Pajhwok reports (thanks for all the RTs, guys!) that Radio Shariat, the FM radio station that transmitted Taliban edicts during the 1990s, is online in Ghazni. What’s interesting about their report is that they state the frequency—88 MHz—and note many irregularities with how people are reacting to it.

For example, the report indicates that the transmitting tower is in Shah-i Kot, Paktya, just south of the provincial capital of Gardez, but it’s unlikely a low-power FM transmission could reach as far as Giro or Andar districts in Ghazni… especially with all those mountains in the way. Furthermore, the District Sub-Governor of Qarabagh said he’s aware of the radio station, but hasn’t ever listened to it. Does that sound right to you?

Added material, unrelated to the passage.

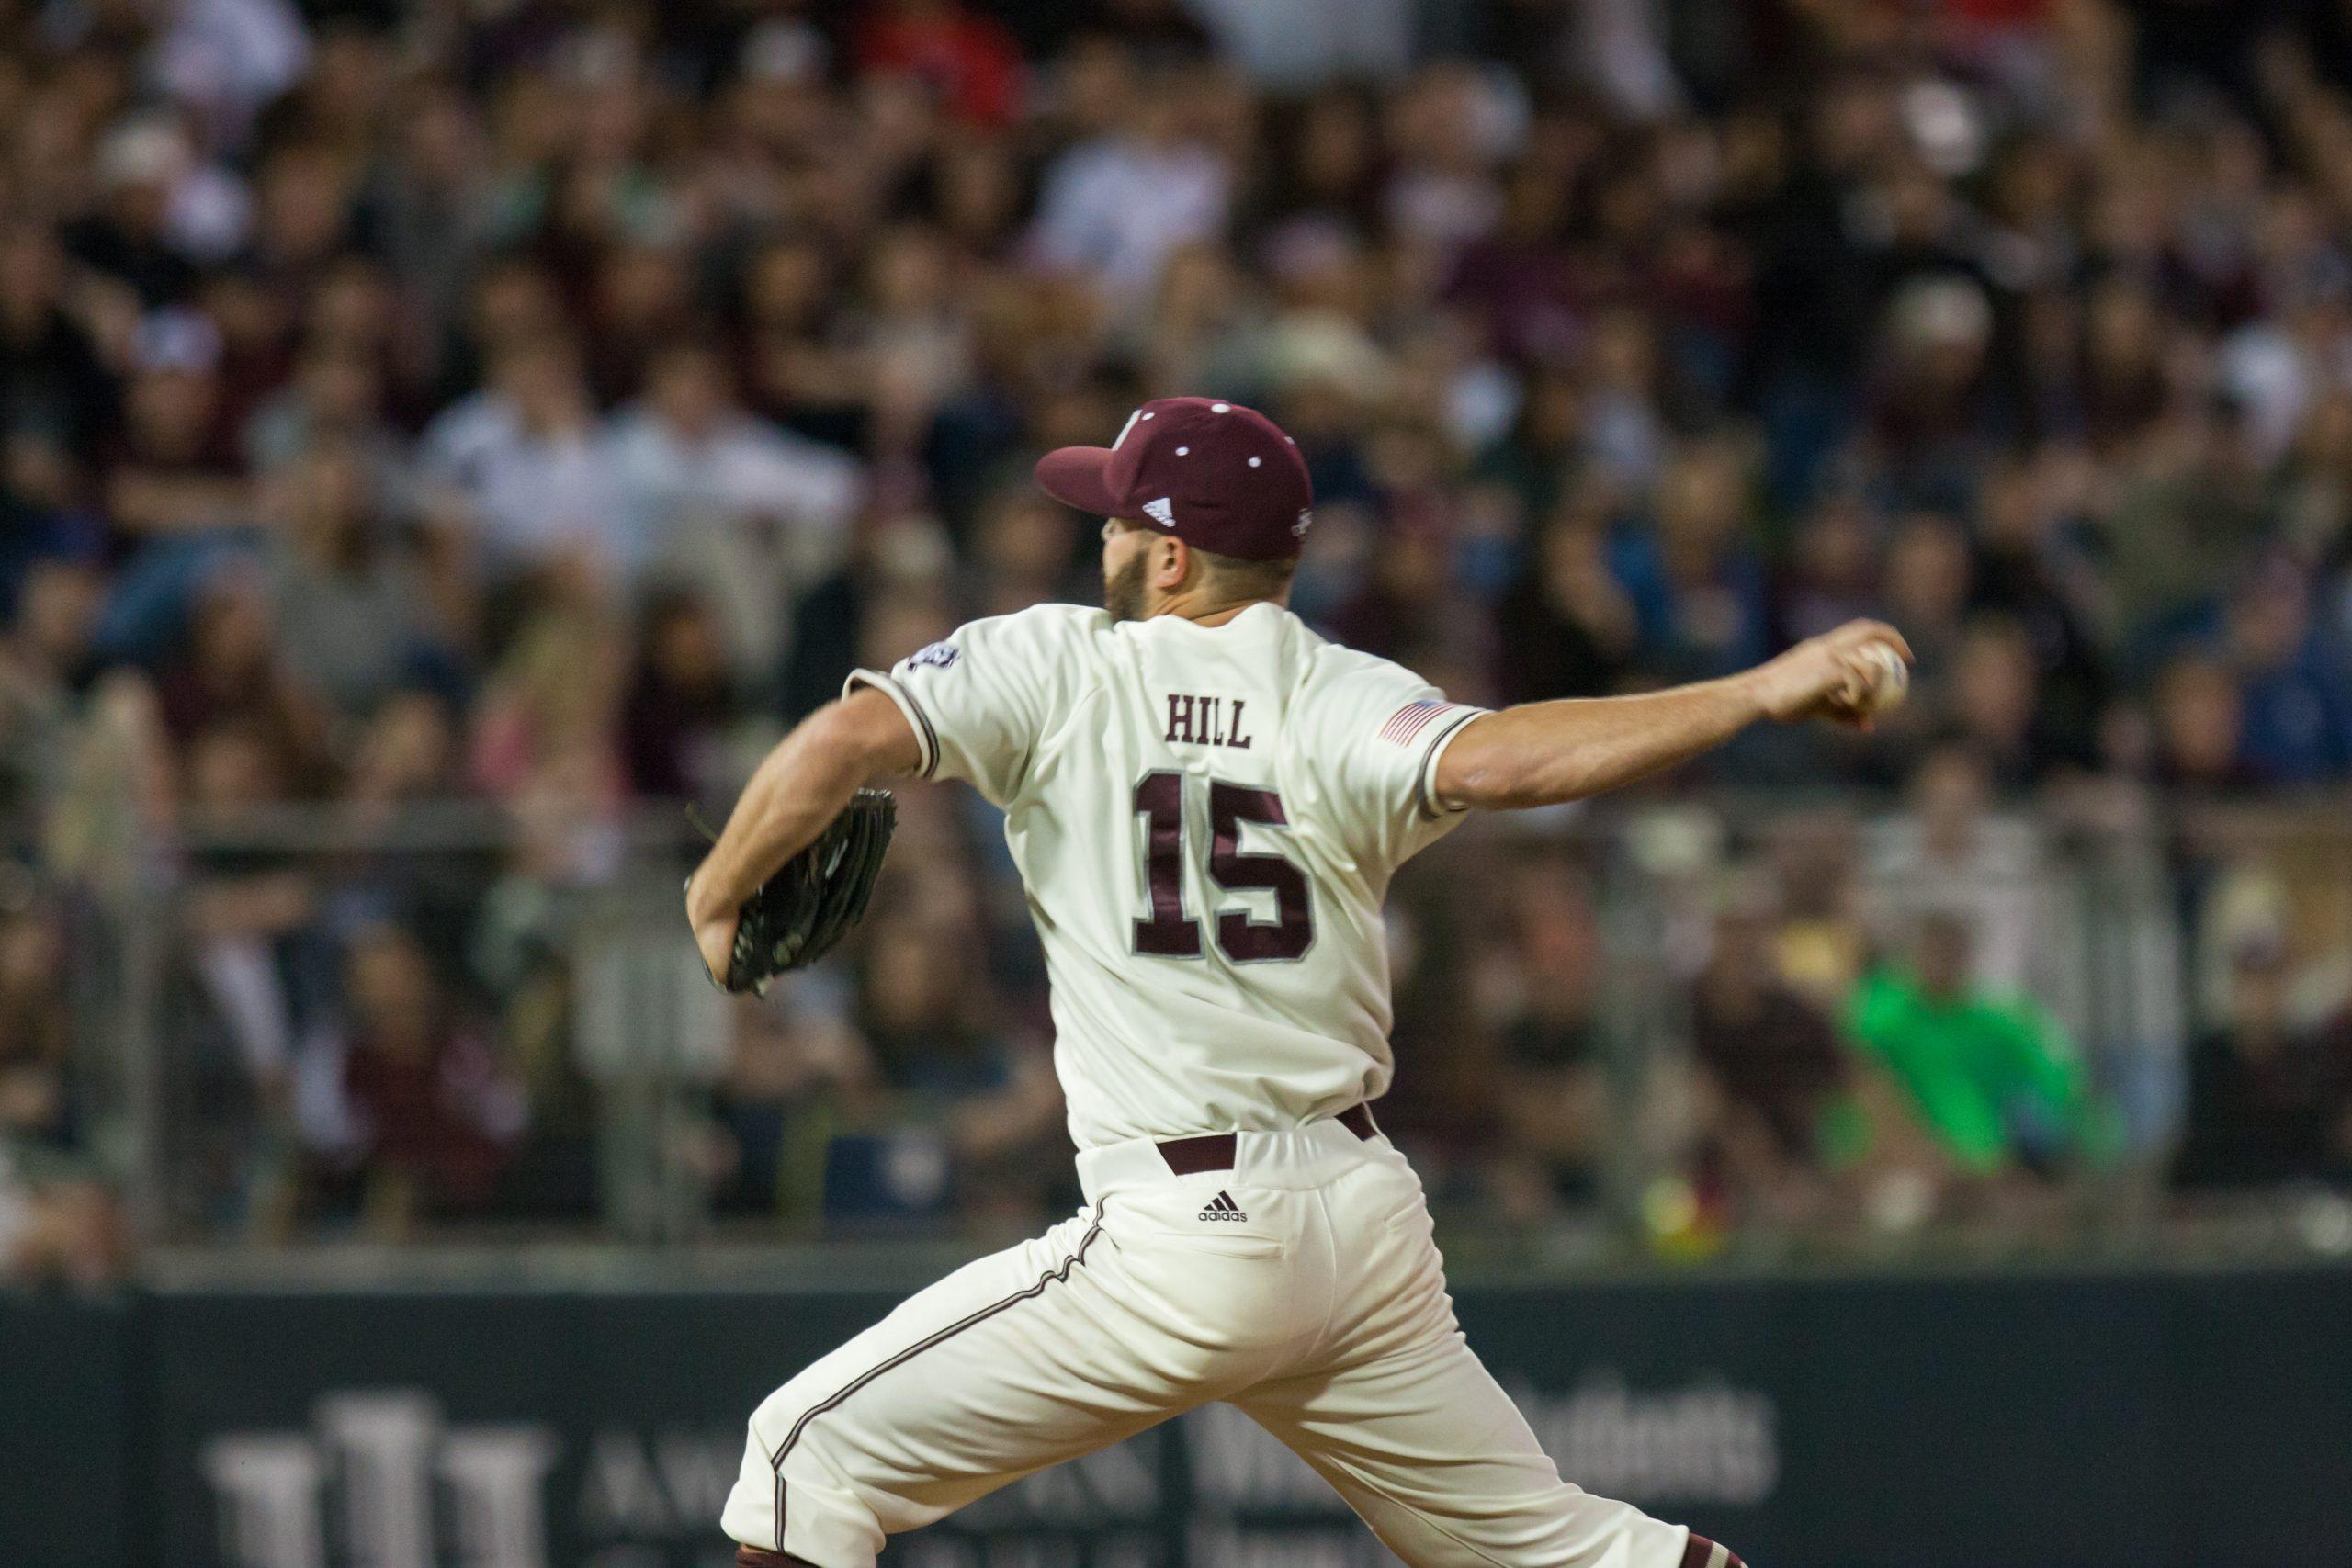 Aggie+offense+explodes+for+15+runs+in+opening+day+victory+over+Bowling+Green

Lastly, there is the troubling question of why it’s been allowed to become established. In Pakistan, the insurgency is given great fuel by the presence of several illegal FM radio stations broadcasting warnings, threats, and edicts. The Pakistani military knows where these illegal transmitters are; they are also up front that they are reluctant to go and confiscate them because of the fear of violent retaliation.

I sincerely doubt the Taliban in Afghanistan possess the technological capability to mask their radio’s source or coding. Meaning, it is traceable and locatable. The U.S. possesses sufficient skills with SIGINT and MASINT to track where these transmitters are and destroy them. Why haven’t they?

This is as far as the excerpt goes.